The first professional revival of the cycle in Britain was in April 2014, when English Touring Theatre staged all the plays except for Star Chamber. The critic Michael Billington wrote, "We are used to all-day stagings of Shakespeare. A marathon viewing of three Noel Coward triple bills, however, sounds like a banquet of soufflés. In the event, the nine plays … not only prove unexpectedly nourishing, but also reveal a lot about the author himself." The production, co-produced by the Nuffield Theatre, Southampton, opened there before a three-month national tour. In 2018 a revival played at Jermyn Street Theatre in London, directed by Tom Littler, omitting Fumed Oak but including Star Chamber. The cast included Sara Crowe, Ian Hallard and Rosemary Ashe.

==Adaptations==
===Cinema===
Several films have been based on the plays. We Were Dancing was loosely adapted as a film of the same name in 1942, starring Norma Shearer and Melvyn Douglas. Coward adapted Still Life for the screen as Brief Encounter in 1945. The film was remade in 1974 starring Richard Burton and Sophia Loren. For a 1952 film, Meet Me Tonight (called Tonight at 8:30 in the US), directed by Anthony Pelissier, Coward adapted Ways and Means, Red Peppers and Fumed Oak. Coward played Christian Faber in a 1950 film of The Astonished Heart (also starring Celia Johnson and Margaret Leighton).

===Television===
Eight of the plays in the cycle (omitting Star Chamber and We Were Dancing) were adapted for television in 1991, by the BBC, starring Joan Collins. Television adaptations of Red Peppers were released in 1937, 1938, 1958 and 1969, the last starring Bruce Forsyth and Dora Bryan as the Peppers and Edith Evans as Mabel Grace.

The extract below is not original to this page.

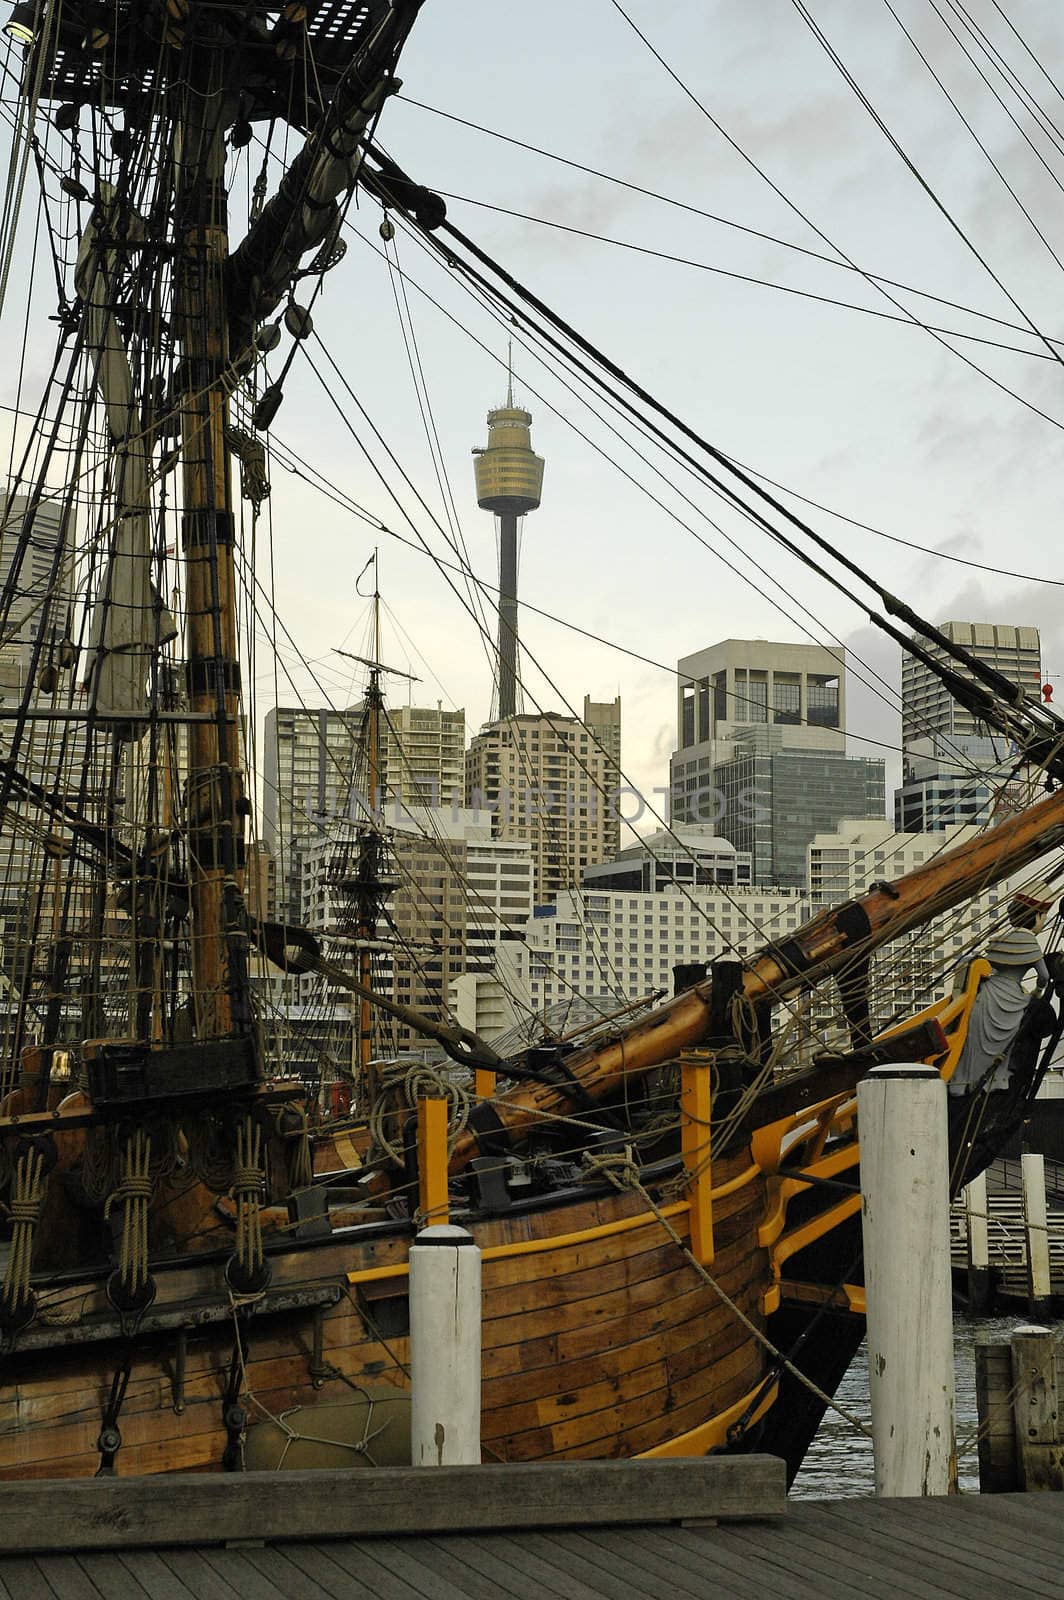 old wooden sailboat anchoring in Darling Harbour in Sydney; sydney tower in background

Still Life was given a television production in 1951. The NBC-TV anthology series Producers' Showcase debuted on 18 October 1954 with Shadow Play, Still Life and Red Peppers, produced and directed by Otto Preminger, starring Ginger Rogers in all three; Martyn Green also starred in Red Peppers. Hands Across the Sea was adapted for television in 1938.

==Notes, references and sources==
===Sources===
- Coward, Noël (1954). "Play Parade: The Collected Plays of Noël Coward, Volume 4"
- Coward, Noël (1965). "The Lyrics of Noël Coward"
- Coward, Noël (2007). "The Letters of Noël Coward"
- Day, Barry (2009). "Tonight at 8.30"
- Goble, Alan (2011). "The Complete Index to Literary Sources in Film"
- Hoare, Philip (1995). "Noël Coward, A Biography"
- Mander, Raymond (2000). "Theatrical Companion to Coward"
- Parker, John (1939). "Who's Who in the Theatre"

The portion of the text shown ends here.